Spouse Abuse – What is It?
Spousal Abuse is a difficult behavior to define because it encompasses a set of symptoms that involve both physical and/or emotional abuse. When it takes the form of emotional abuse, it is characterized by verbal ridicule and/or putdowns that demean and patterns of neglect. Physical abuse involves the threat of physical violence and may include slapping, shoving, and deliberate physical assault.
Spousal abuse is a pattern of behavior that may be the result of a number of different factors. It may be a learned behavior that a child observes occurring between parents and later repeats in his or her adult relationships. Studies show that abusers are often motivated by feelings of powerlessness and insecurity. Spouse abuse inflates the ego and provides a false sense of control. It may be the result of a misguided sense of love that results in unhealthy possessiveness and/or jealousy.
Society is now becoming more aware of spouse abuse than it has been in the past. Previously, even if gross abuse was reported to the authorities, the law was reluctant to get involved. It was assumed that the man was ruler in his own castle and the authorities had no business there. At best it was viewed as a misdemeanor. That view has changed. If a man or woman feels abused, there are now many organizations ready to help. There are also many websites that offer information, help, and advice.
Spouse Abuse – Just How Serious is it?
Spouse abuse is a very serious form of exploitation that will escalate when left untreated. There is a cycle of violence that often begins with a pattern of verbal denigration and emotional abuse and intensifies until it manifests itself as a form of physical abuse. Verbal abuse is perhaps more sinister than overt physical abuse. Long after the black and blue bruises and broken bones from physical abuse heal, verbal abuse continues to silently erode its victim's self-worth.
The classic abuser conveys a message to his victim that she is responsible for his negative behaviors; that she is a failure in most or all of the roles that she is fulfilling; and that, apart from him, she is helpless. Victims of abuse eventually come to believe that they are powerless and objects of shame. Statistically, reports of women being abuse are more common than that of men.

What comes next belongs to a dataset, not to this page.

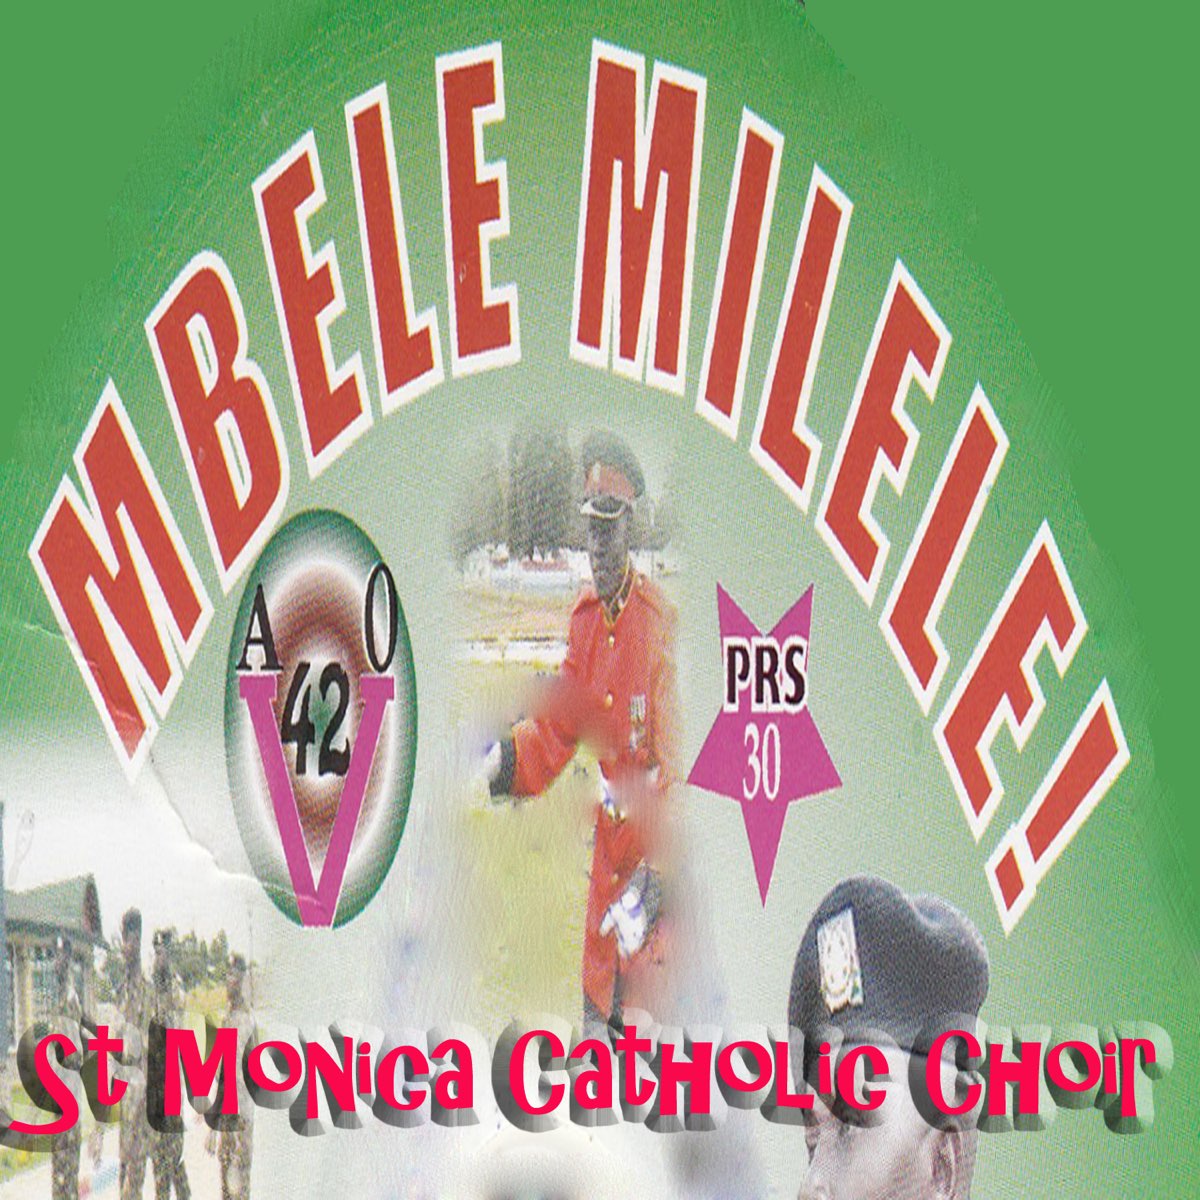 779: Mokele Mbembe — JC

Spouse Abuse – What does the Bible say?
Nowhere in scripture do we find God sanctioning any form of spousal abuse. In Colossians 3:18-19, men are instructed to pattern their love for their wives after Jesus' love for His church. This is described as a sacrificial kind of love; the kind of love that seeks the very best for the one who is loved. Emotional and physical forms of abuse are diametrically opposed to the concept of sacrifice; such behaviors are selfish and self-seeking. 1 Corinthians 13 teaches what genuine love is all about and has much to say about what love is not. According to this passage, love is not self-seeking, is not easily stirred up, and does not behave hatefully. Clearly, abuse is not a demonstration of genuine love.
Misinterpretation of Ephesians 5:22 has led some to believe that the role of submission permits abuse of power and/or mistreatment of a spouse. The true meaning of this passage is a demonstration of a husband's role as initiator of unconditional love, which results in the wife's role as responder, willingly placing herself under his headship. Submission is not something to be taken, but rather something to be given.
Jane had been a victim of spousal abuse for a number of years. Until her husband began to punch and shove her, she had no visible scars of her injuries. After being shoved down a flight of stairs, she sought help at a local shelter for abused women. Her counselor encouraged her to not return home until her husband agreed to seek help for his abusive behaviors. After learning that he was risking his marriage, David agreed to get help. Eventually he was able to learn to express his feelings and find meaningful ways of developing self-worth. Jane and David later came for Christian marital counseling to work on developing a genuine, loving relationship.
If you are currently in an abusive relationship, we encourage you to get help immediately.